There was no significant difference in terms of age, line or type of treatment between the two groups; patients who did not develop irAEs had a significantly worse PS compared to those who experienced such events (PS 1-2: 59.5% vs. 26.7%, p<0.001).
Patients who did not develop an irAE had higher median NLR (3.67 vs. 2.53), SII (999 vs. 635) and PLR (181 vs. 143); the difference was statistically significant for NLR and SII (p=0.009 and p=0.02 respectively), but not for PLR (p=0.15). The results are graphically represented in Figure 1.
Determination of baseline blood count cut-off for prediction of toxicities. In order to define optimal cut-off values for the biomarkers, we performed ROC analysis of baseline PLR, NLR, and SII as predictors of toxicity of any grade.
Cut-off values based on the development of irAE were 3.52 (sensitivity 52.3; specificity 77.8) for NLR, 906 (sensitivity 56.7; specificity 66.7) for SII and 194 (sensitivity 45.9; specificity 73.3) for PLR; results are shown in Figure 2. Areas under the curve (AUC) were 0.64, 0.62, and 0.58 respectively.
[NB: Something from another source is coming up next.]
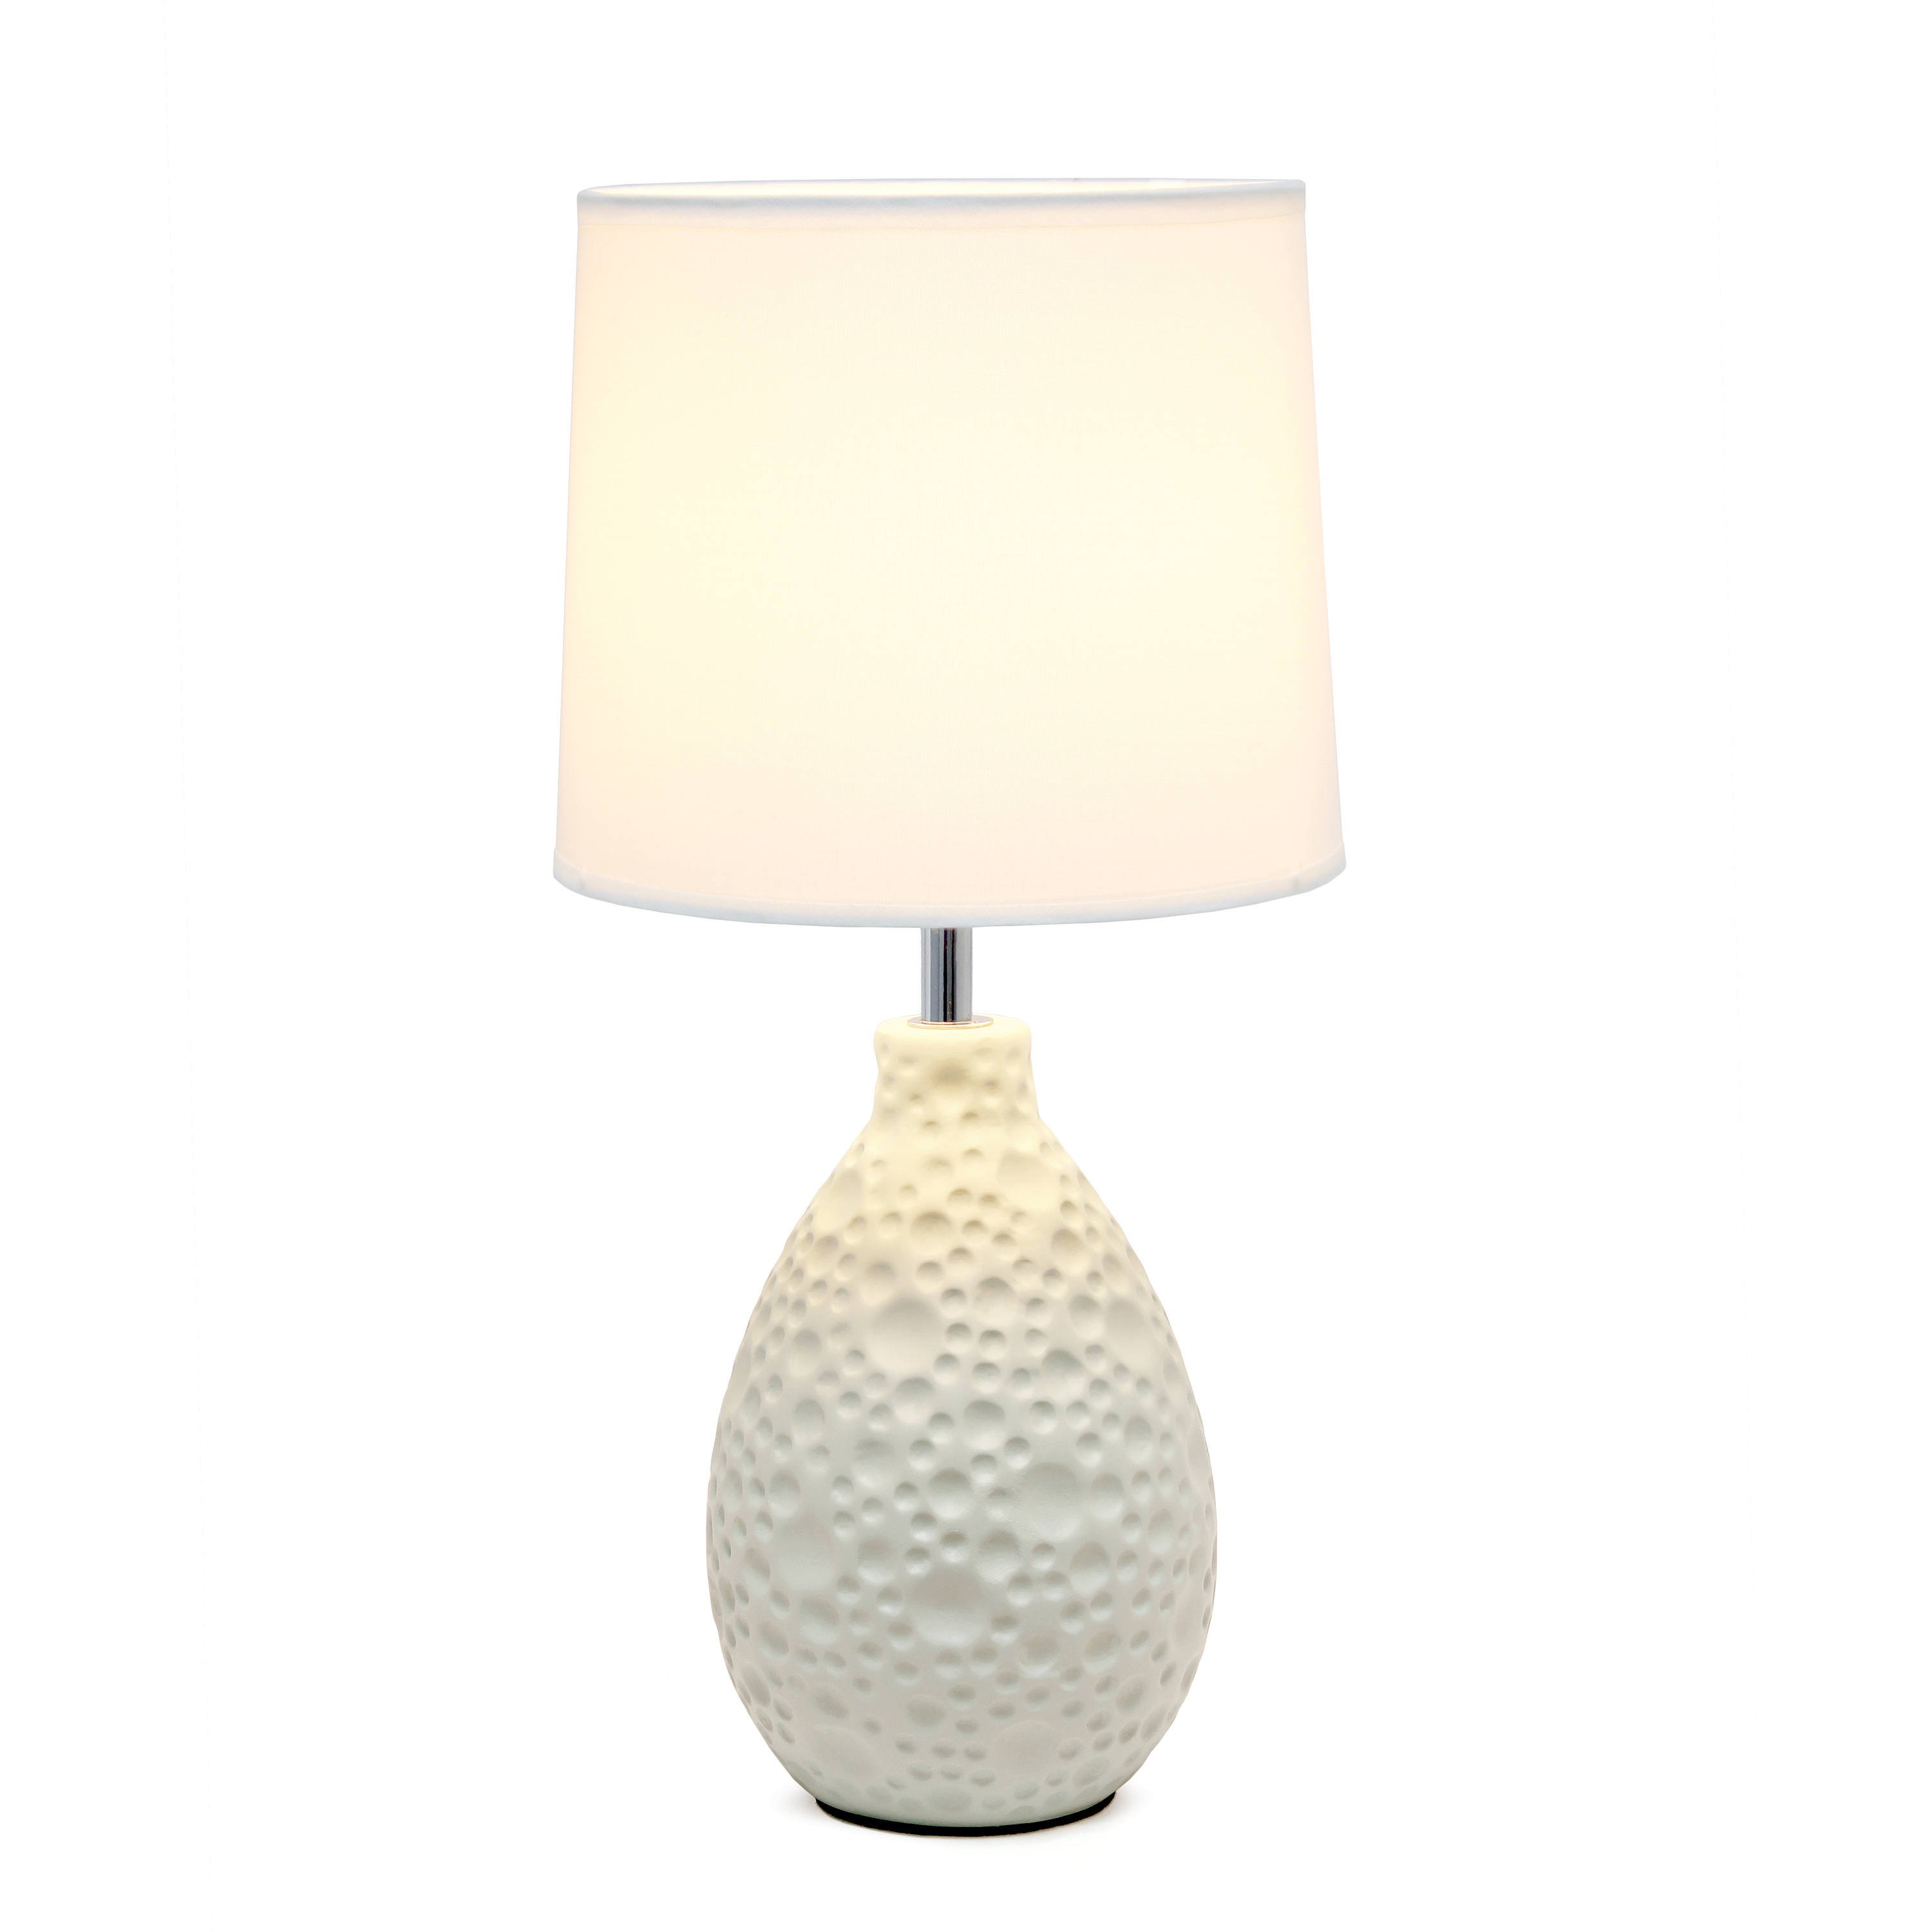 Simple Designs Textured Stucco Ceramic Oval Table Lamp - image 3 of 8

Univariate and multivariate analysis for the appearance of irAE. We investigated the association between baseline clinical characteristics (including blood count indexes) and the risk of developing irAEs; in the univariate analysis, for each biomarker we used both the cut-off values calculated for our cohort (3.52 for NLR, 194 for PLR, 906 for SII) and the cut-off values more commonly used in clinical practice (3 for NLR, 180 for PLR, 1,375 for SII). The results are shown in Table IV.
Age, sex, type of ICI (anti-PD1/anti-PD-L1) and drug used (pembrolizumab, atezolizumab or durvalumab) did not show an association with the risk of developing irAEs (p=0.41, 0.45, 0.57 and 0.46 respectively).
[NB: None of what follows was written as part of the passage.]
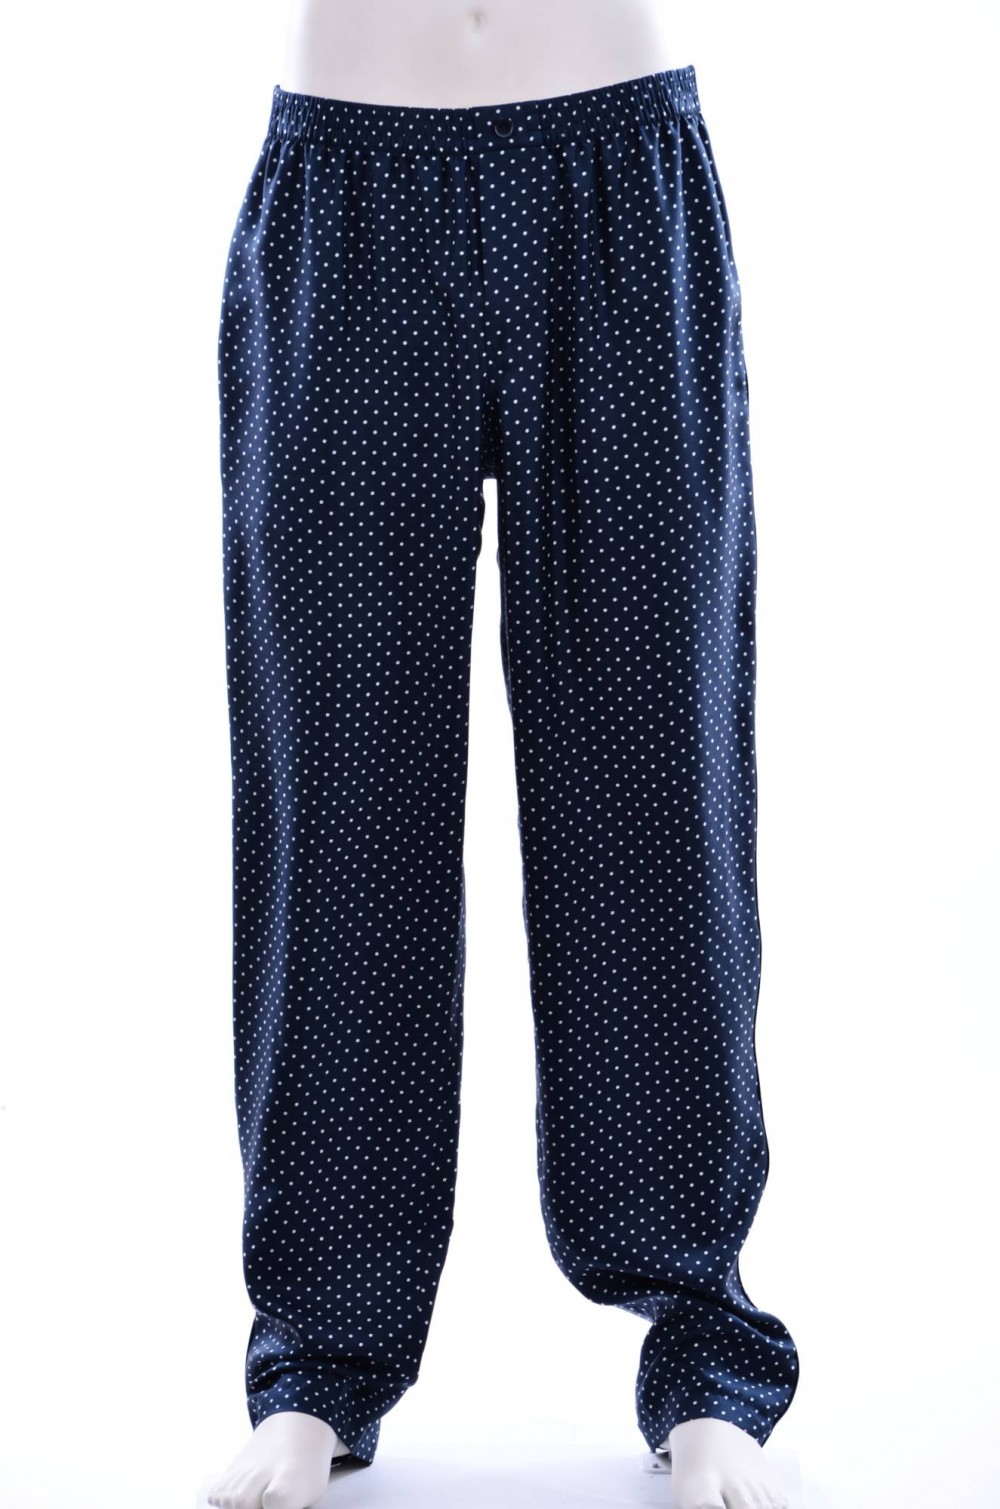 dolce and gabbana mens trousers

Characteristics associated to a significantly higher risk of developing irAEs of any grade were a PS of 0 (odds ratio, OR=4.03, 95%CI=1.69-9.93, p<0.01), baseline NLR <3 (OR=3.22, 95%CI=1.39-7.52, p<0.01) or <3.52 (OR=3.90, 95%CI=1.73-9.38), baseline PLR <194 (OR=2.34, 95%CI=1.06-5.36, p=0.04), baseline SII <906 (OR=2.62, 95%CI=1.22-5.79, p=0.01).
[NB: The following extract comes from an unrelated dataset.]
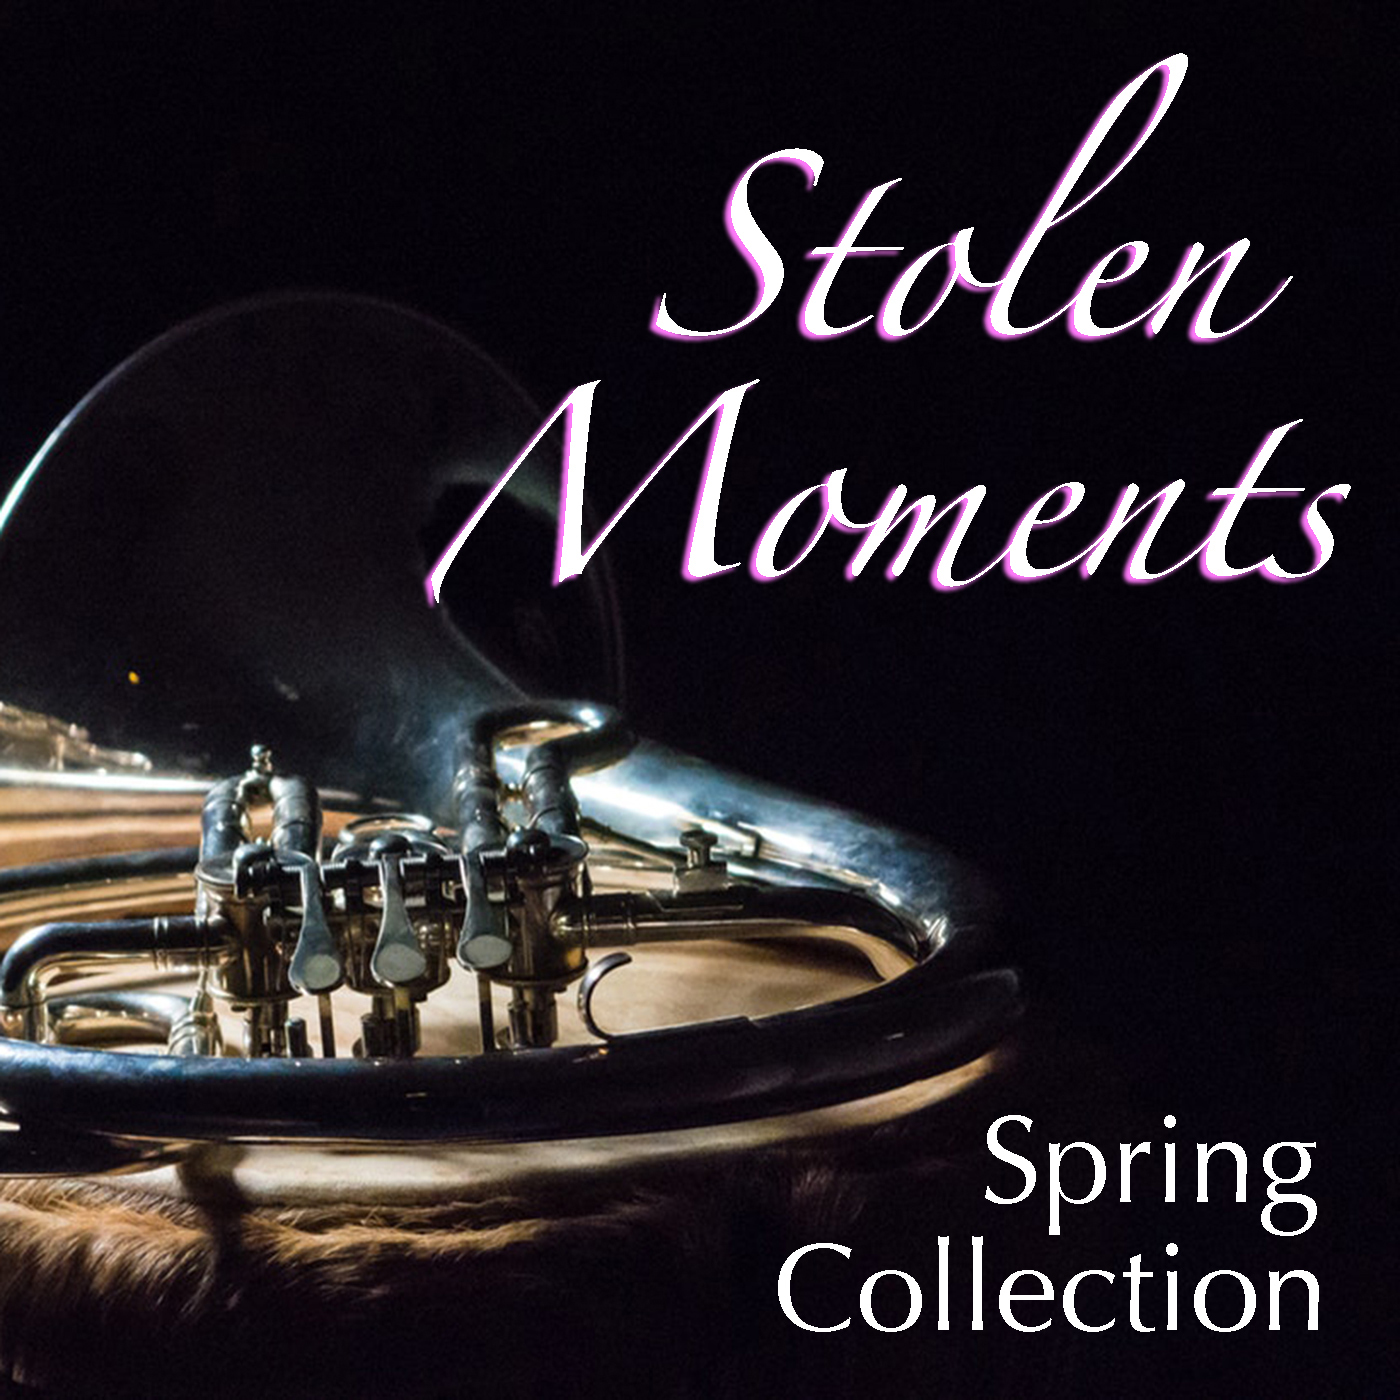 Stolen Moments Spring Collection

In the multivariate analysis PS=0 (OR=3.48, 95%CI=1.48-8.58, p<0.01) and NLR <3.52 (OR=3.89, 95%CI=1.14-14.38, p=0.03) were significantly associated with a higher risk of developing irAEs (Table IV).
Association of baseline NLR and PS with treatment outcomes and competing risk analysis. PFS and OS were significantly longer in patients with NLR <3 (median PFS 3.8 vs. 2.6 months, p=0.01; median OS 15.3 vs. 5.6 months, p=0.002); therefore, patients with low NLR were treated with a higher number of cycles (median duration of treatment: 5 vs. 3 cycles, p<0.001). PFS and OS were significantly longer in patients with PS=0 (median PFS 4.8 vs. 2.1 months, p<0.001; median OS 15.3 vs. 3.8 months, p<0.001).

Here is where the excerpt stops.